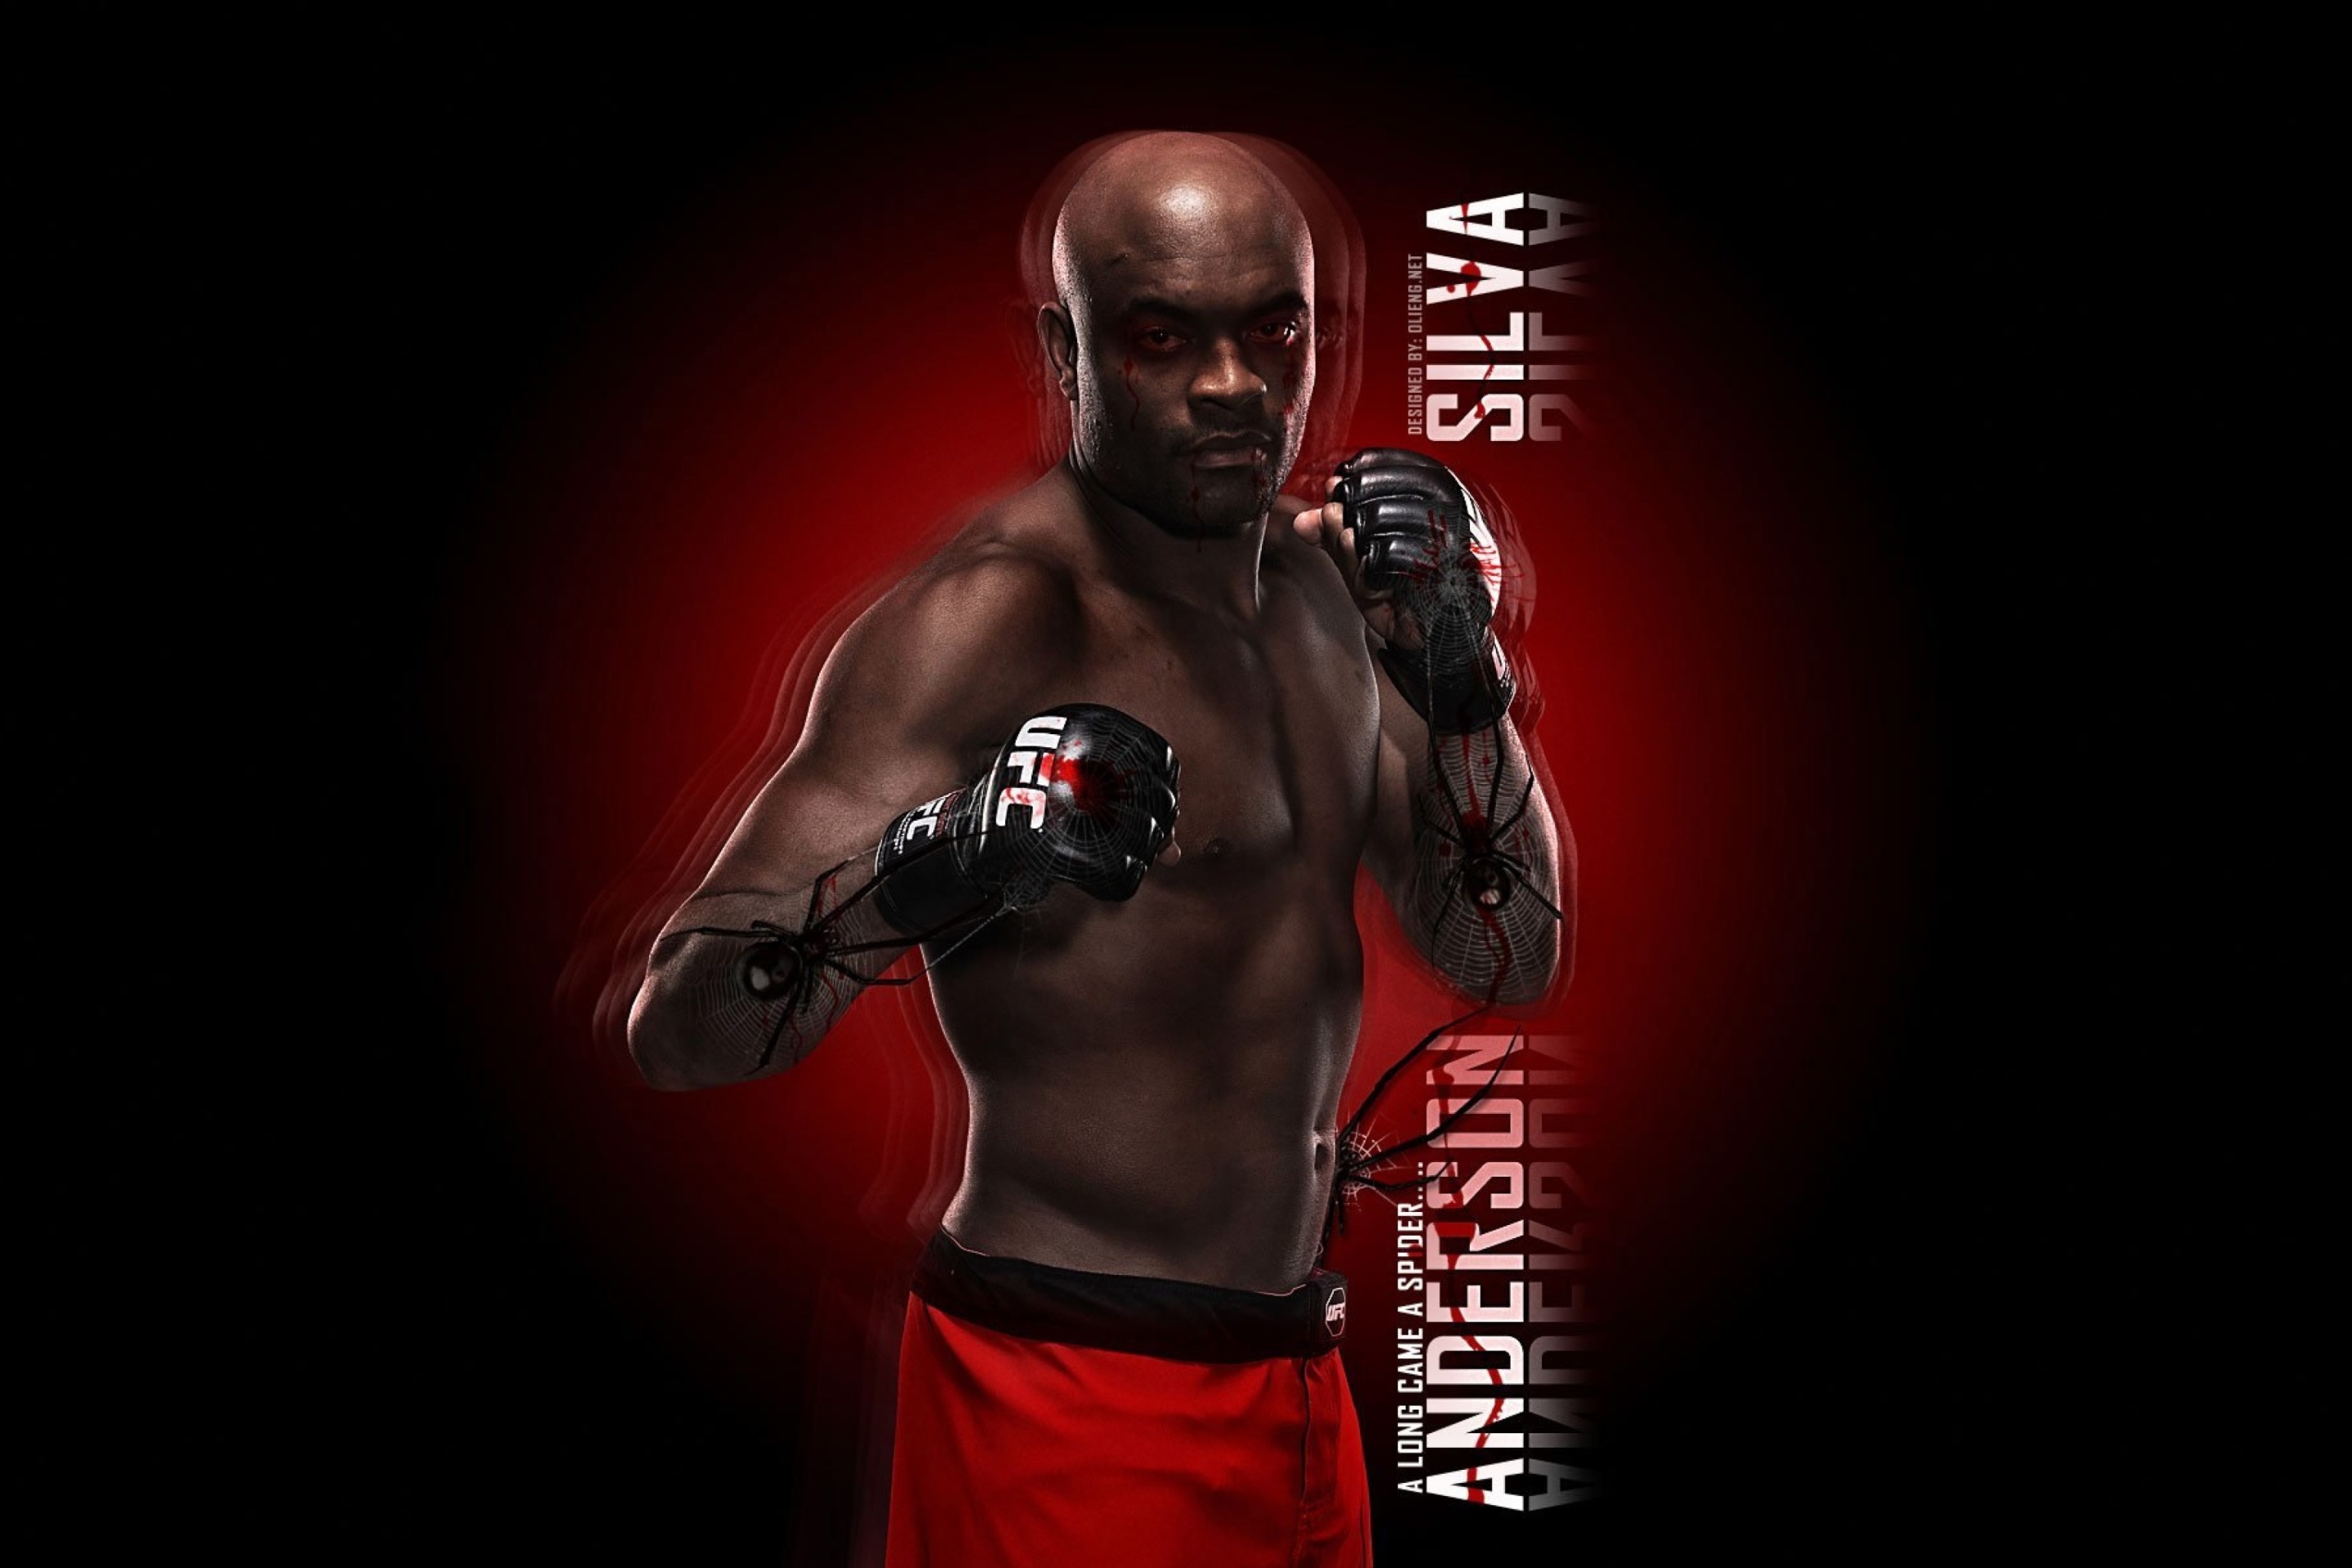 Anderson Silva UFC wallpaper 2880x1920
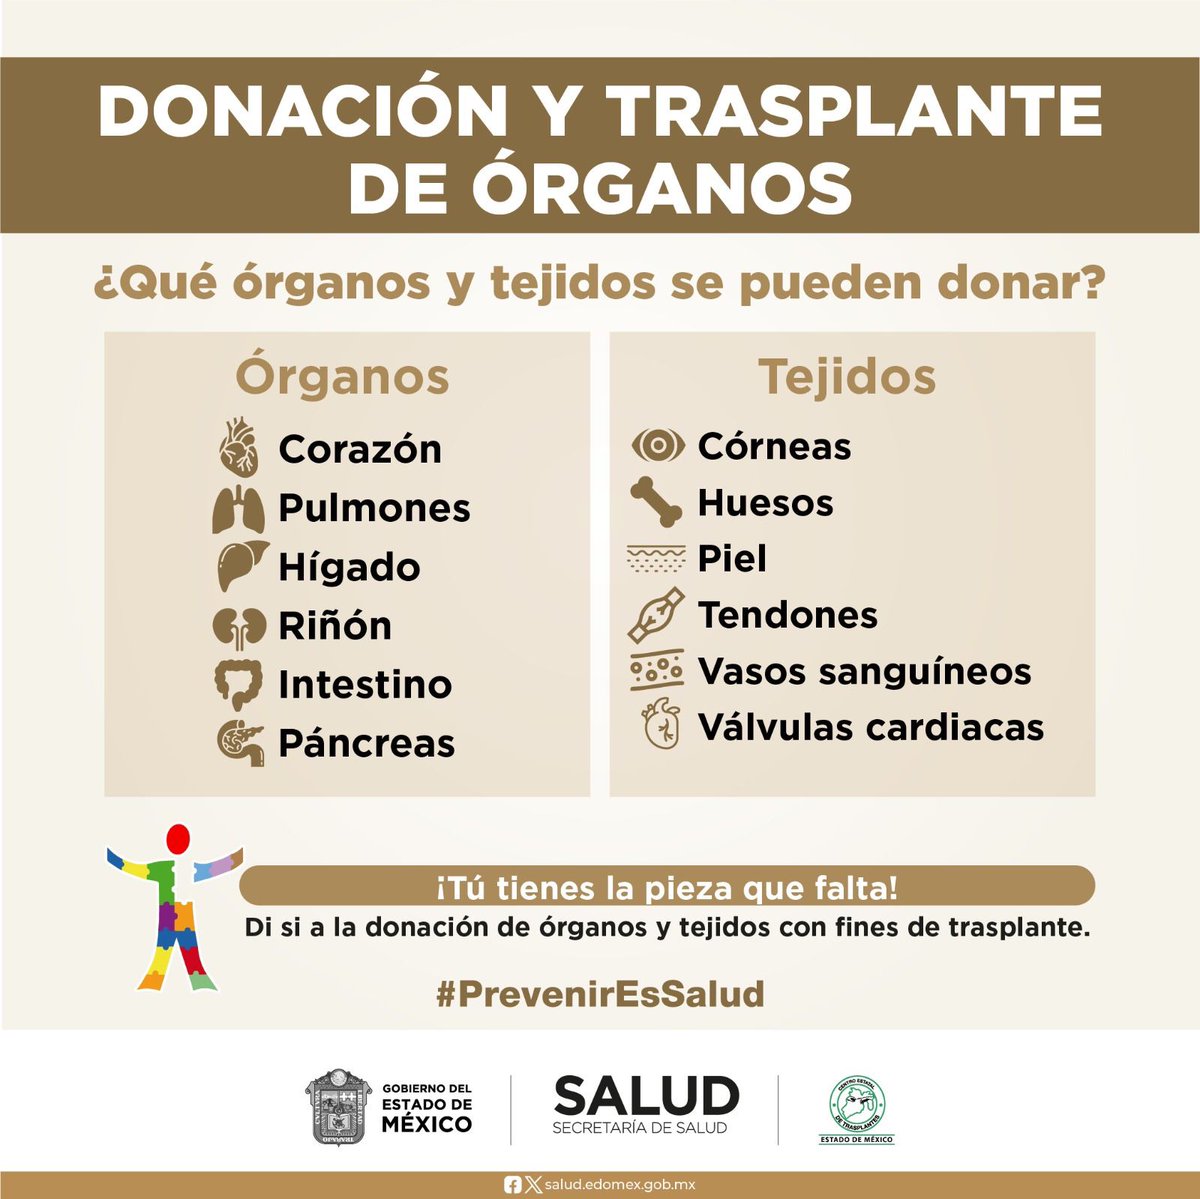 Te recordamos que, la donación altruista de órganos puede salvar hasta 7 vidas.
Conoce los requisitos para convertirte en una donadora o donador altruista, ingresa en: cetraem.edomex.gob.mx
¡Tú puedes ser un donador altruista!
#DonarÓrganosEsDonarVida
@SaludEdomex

------------------------------------------------

- Activity
Those lines above that contain the string "donador" should be returned.

- Completed exercise
Conoce los requisitos para convertirte en una donadora o donador altruista, ingresa en: cetraem.edomex.gob.mx
¡Tú puedes ser un donador altruista!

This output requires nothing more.